Closed vladislavivanistsev closed 2 years ago
I understand how frustrating it can be to not have gpaw
fully working from the get go.
Choosing to add a dependency out of convenience in a subproject is bound to create problems: there are reasons why openmpi
does not pull ucx
as a hard dependency and I think we should honour that for the very same reasons.
In this instance, I would suggest to get in touch with the openmpi-feedstock
crowd to fully understand their choice (also ucx
is their dependency, not gpaw
's!) and if they don't agree to add ucx
as a hard dependency, it might be worthwhile to update gpaw
's documentation to indicate that ucx
might be needed.
Just to be clear: this also affects me for the very same reason so don't think I am simply being dismissive.

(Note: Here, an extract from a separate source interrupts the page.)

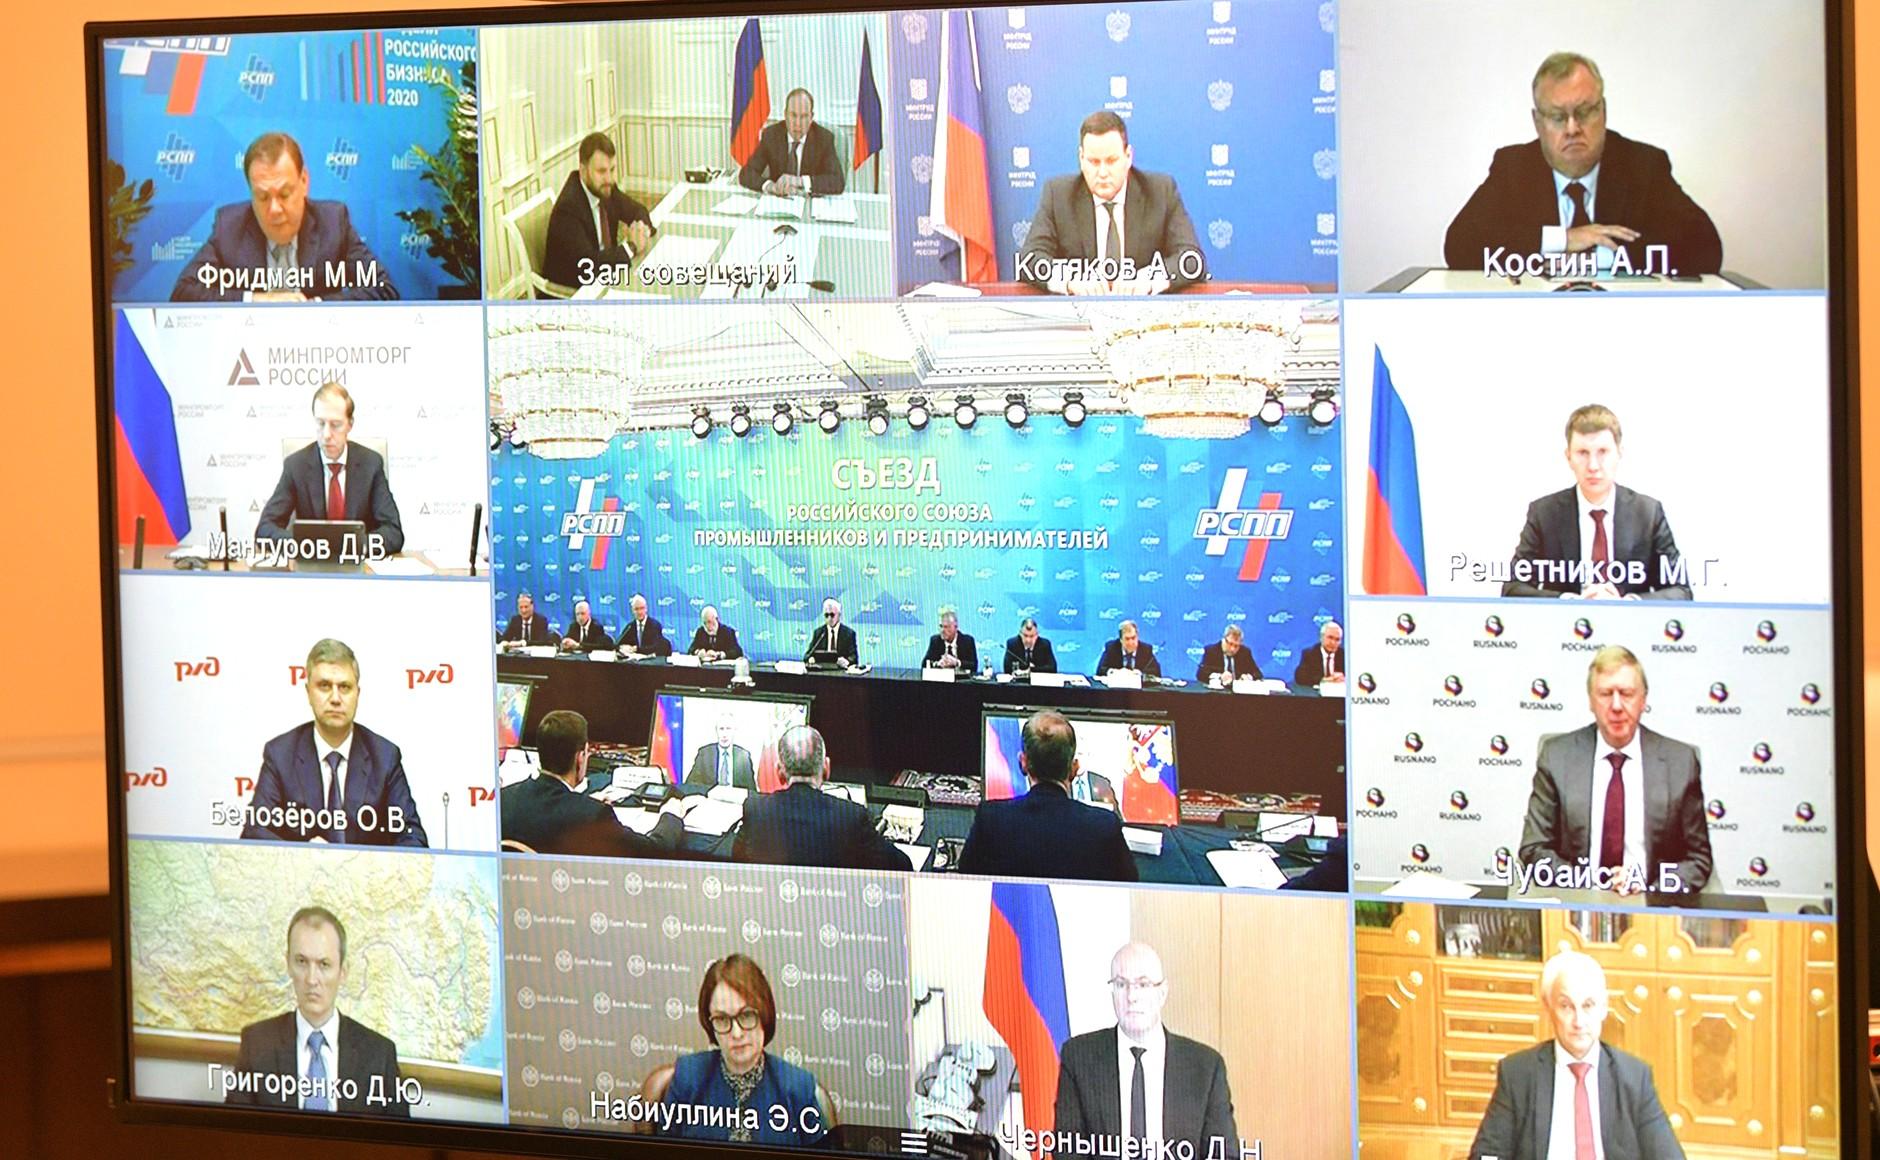 KREMLIN PH 2 XX 3 DU 21.10.2020. Rencontre avec des membres du conseil d'administration de l'Union russe des industriels et entrepreneurs (par vidéoconférence).

@gdonval Agree with the explanation. In fact, an informative message appears when installing openmpi:
In addition, the UCX support is also built but disabled by default. To enable it, first install UCX (conda install -c conda-forge ucx). Then, set the environment variables OMPI_MCA_pml="ucx" OMPI_MCA_osc="ucx" before launching your MPI processes. Equivalently, you can set the MCA parameters in the command line: mpiexec --mca pml ucx --mca osc ucx ... Note that you might also need to set UCX_MEMTYPE_CACHE=n for CUDA awareness via UCX. Please consult UCX's documentation for detail.

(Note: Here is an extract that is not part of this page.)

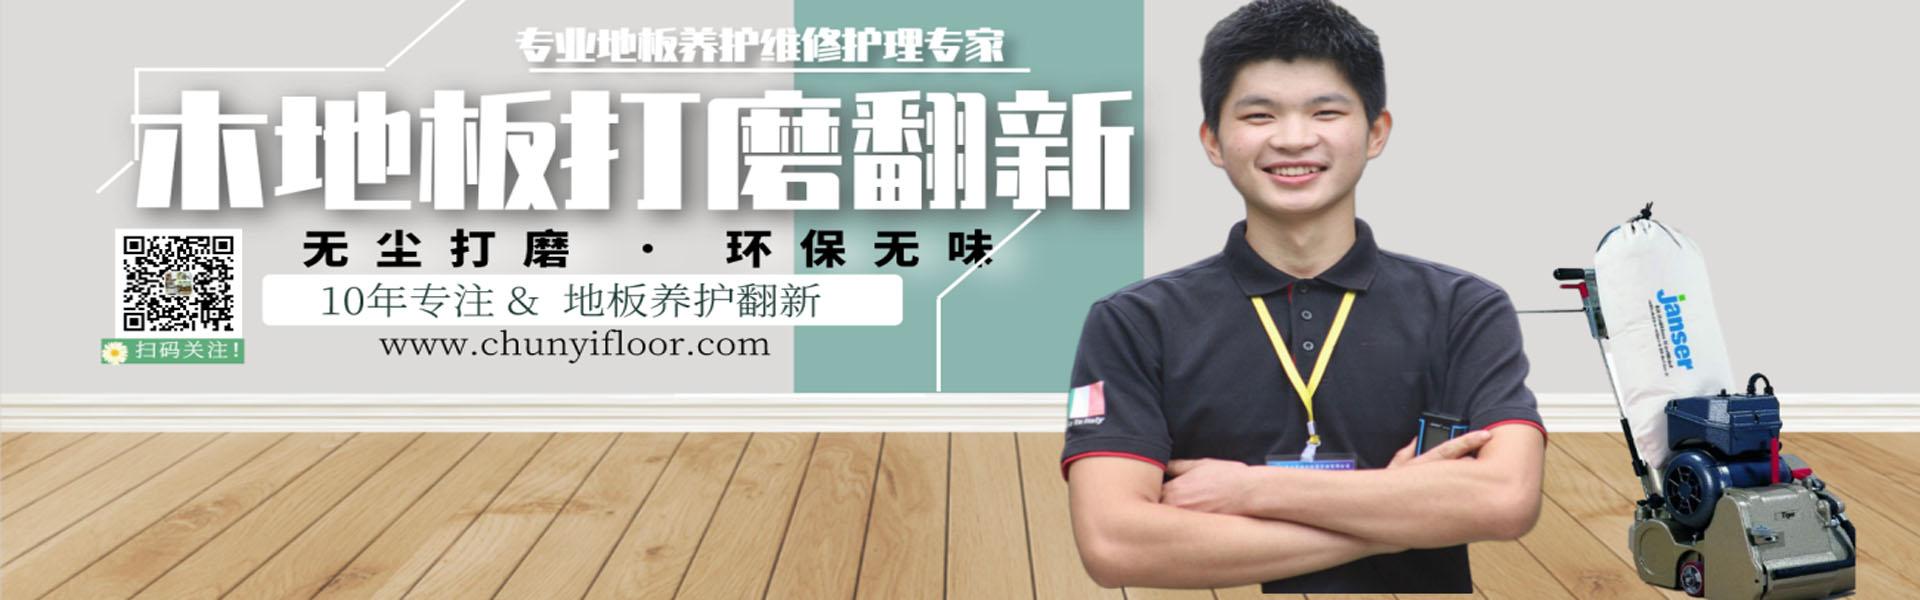 重庆木地板维修公司
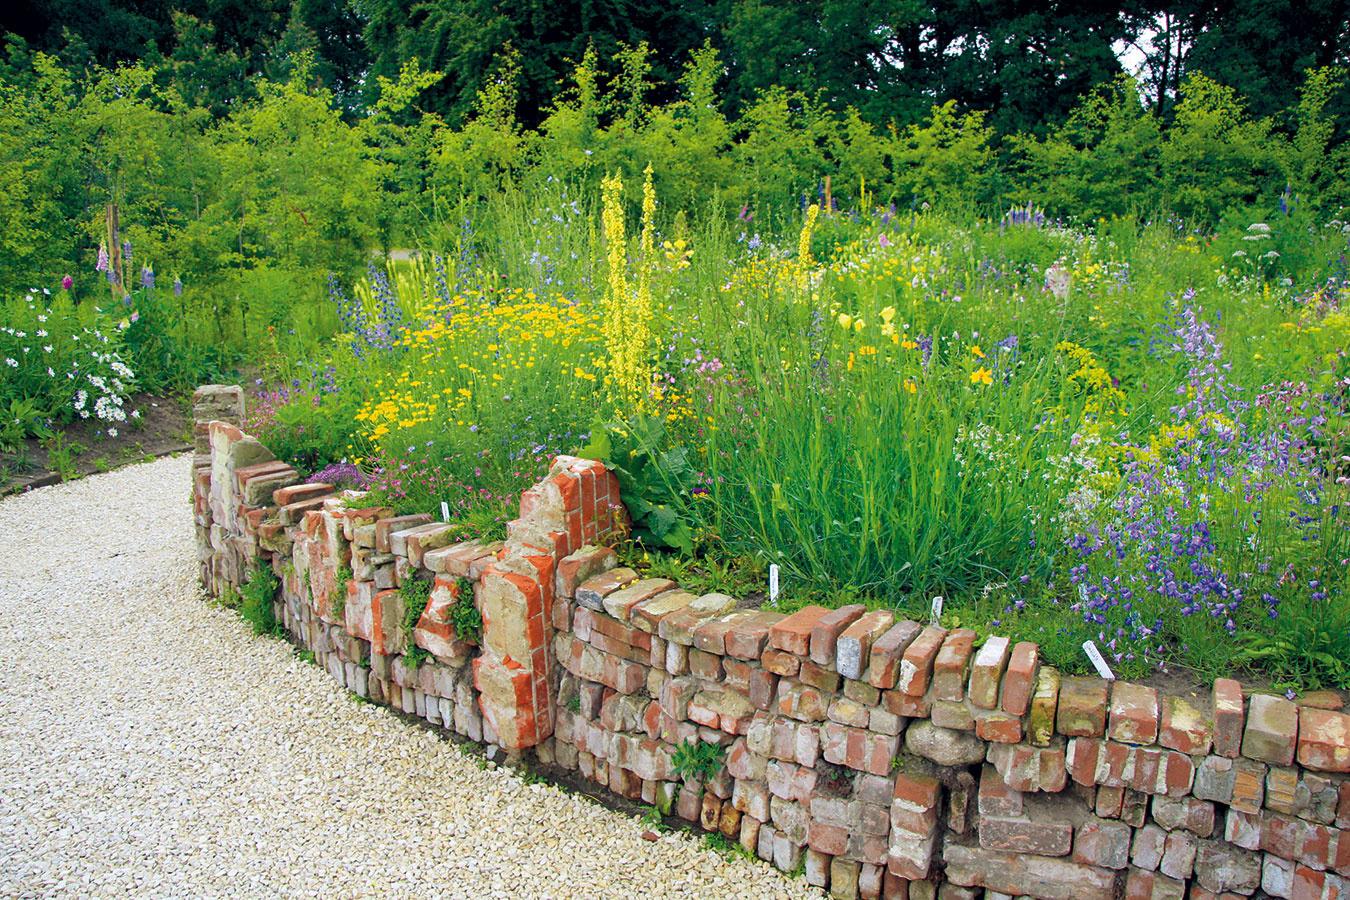 Suché múriky nachádzajú uplatnenie najmä v ekologicky koncipovaných záhradách. Pri ich vytváraní možno využiť nielen prírodný kameň, ale aj staré tehly. Múrik by mal mať stabilné základy, nemusí mať jednotnú výšku a šírku, hoci by nemal byť príliš vysoký. Zo starých tehál môžete vytvoriť aj vyvýšený záhon, na riešenie terénnych nerovností ale nie sú najvhodnejšie. Tehly pôsobia pekne najmä v spojení s kvitnúcimi trvalkami, lúčnymi rastlinami, okrasnými trávami, papraďami či cibuľovinami. Pri výsadbe tehlových múrikov sa oplatí voliť rastliny, ktoré sa rozširujú samovýsevom, ako aj druhy, ktoré lákajú živočíchy, prípadne majú liečivé účinky. Takáto kompozícia najlepšie vynikne na vidieku.

Here is a discussion about UCX in regard to HPC: https://github.com/conda-forge/openmpi-feedstock/pull/87
Comment:
By default openmpi failed to run with ROSE – RDMA over Converged Ethernet. Installing Unified Communication X (UCX) and adding "--mca btl_openib_rroce_enable 1" to the mpirun command, fixes the problem. How about adding UCX to the GPAW feedstock?